Tip #7 – Get them involved with foods. Teach them to learn how to read labels. This is very important because it’s something they are going to need to learn to do as they get older. I am so glad our son has picked this up quick. Also helping in the kitchen cooking allergy free foods. This way they have a better understanding of what foods are safe to eat.
Tip #8 – Practice with the Epi-pen. Every Epi-pen pack comes with a trainer injector. Our son has practiced with his many times. He knows how to do it. Even though he knows what he is doing, we still have him get his trainer out every once in a while to practice a few times anyway. Make sure you practice often and make sure your child practices often. He’s never had to use the real thing since his hospital trip and I hope he never has to. But it’s best to be prepared.
Tip #9 – Make a kit. Your child is going to have to get used to carrying an Epi-pen through the rest of his life. Getting them in the habit right from the beginning is best. Now, since our son (until this year) has been in elementary school and they have a policy that they don’t allow them to carry with them. So for every where else, he has carried this kit with him. We have a drawstring bag that he carries his Epi-pens and inhaler in. Along with a copy of the emergency care plan. If he goes over to a friends house, his allergy meds for his seasonal allergies are in there too.
We have been so proud of our son for dealing and learning about his allergies as well as he has. He’s very aware and he doesn’t let any of this keep him down. He has a normal life for an almost 12 year old. He still plays soccer and has fun doing it. He’s been very vocal about his food allergies and knows what he can and can’t eat.

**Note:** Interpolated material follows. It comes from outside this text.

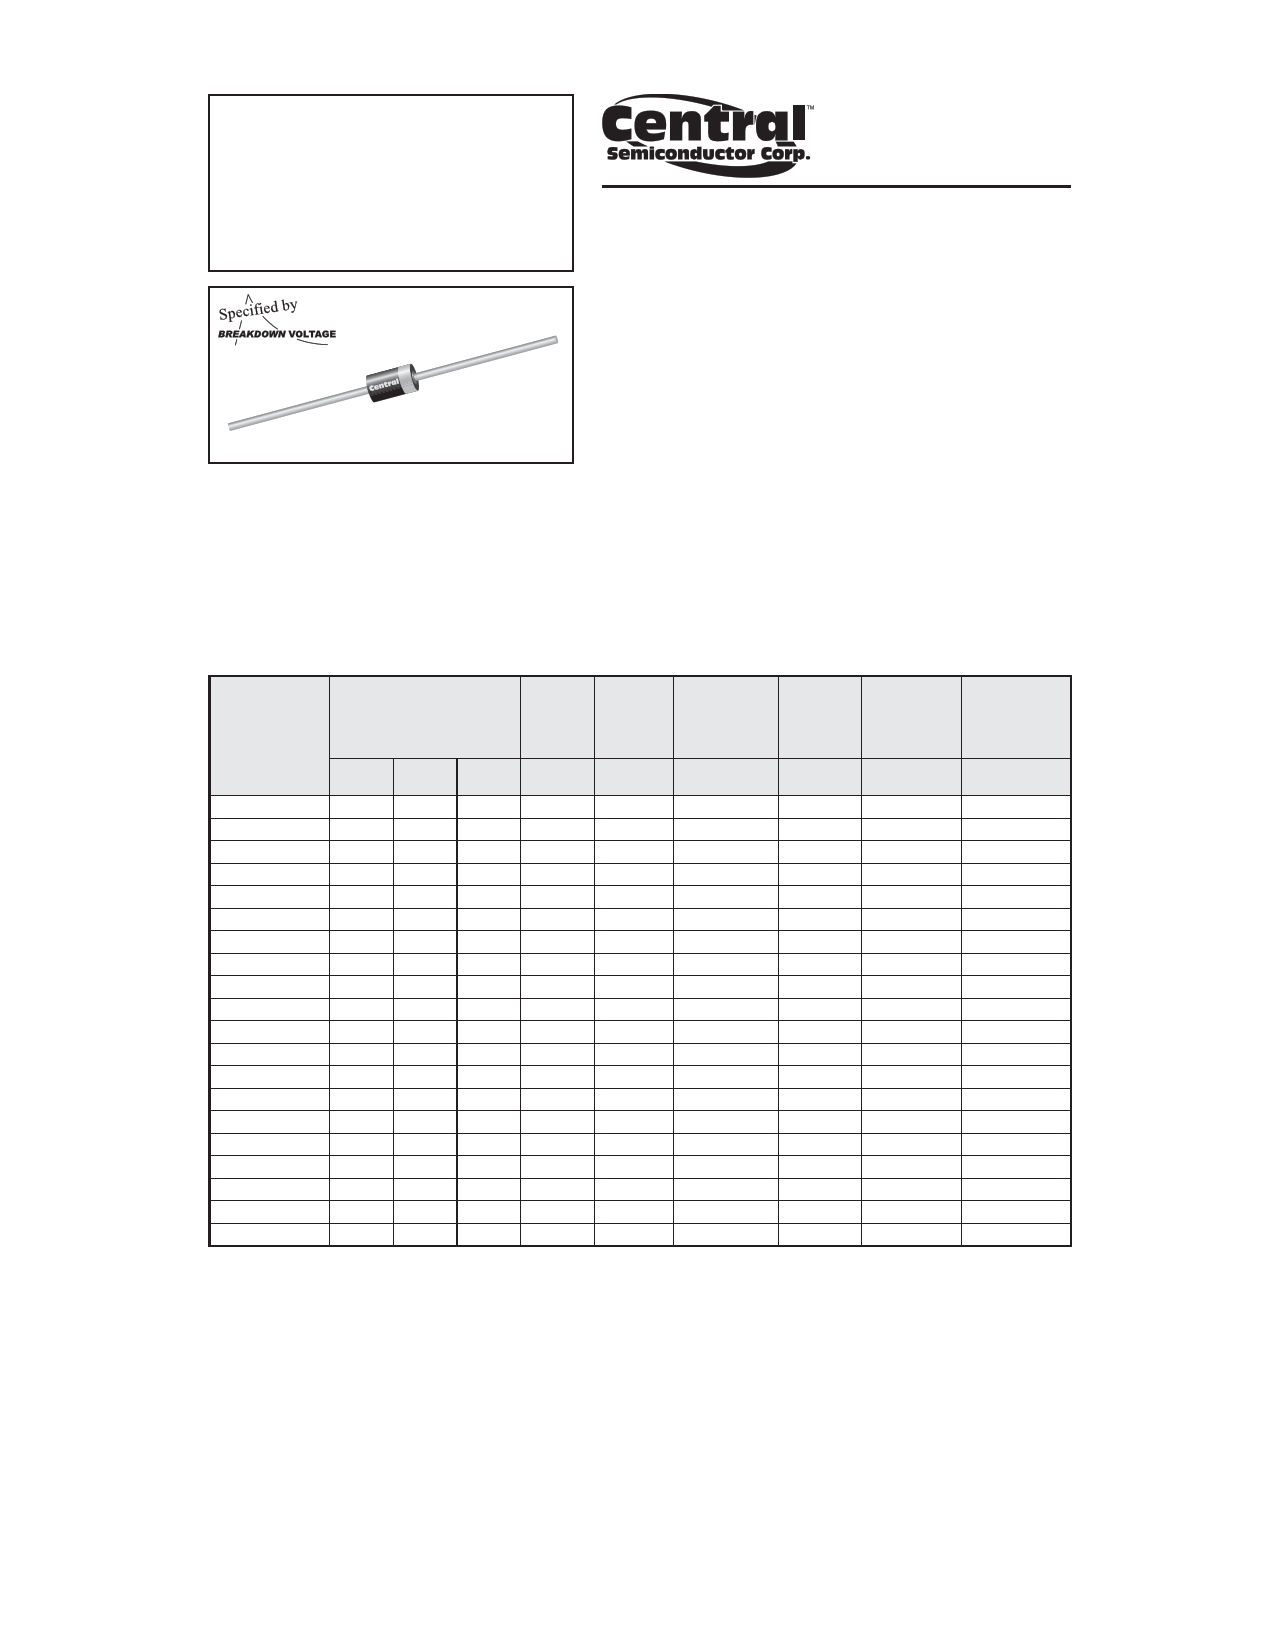 1.5CE6.8A datasheet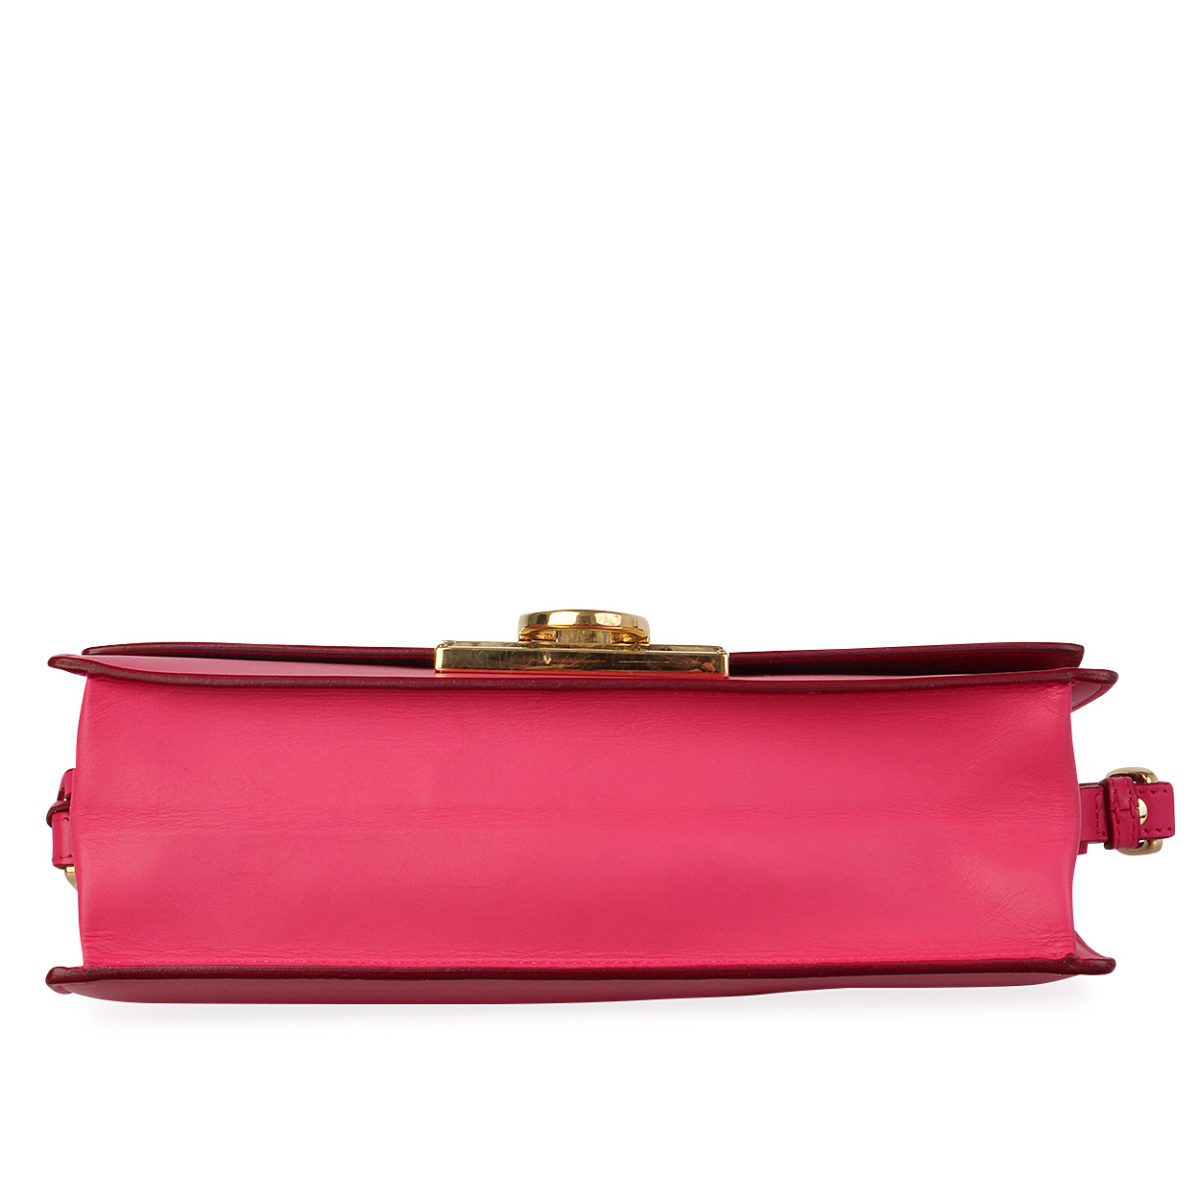 8a2d7c484074 SALVATORE FERRAGAMO Leather Aileen Cross Body Bag Pink

He goes back to his allergist soon for a checkup and to renew any prescriptions and now since he’s at the Middle School (5th grade) he can carry his Epi-pen and inhaler with him at school as long as his allergist approves it after she sees he knows what he’s doing. It makes me feel better knowing he doesn’t need to wait if something happens because his Epi-pens are being held in the school office.
Hopefully these tips can help someone.
NOTE: Remember, these tips may also need to be done differently depending on the child and I also came up with these tips from our experiences with our now almost 12 year old and the help from his allergist. I am not a doctor and I am not an expert.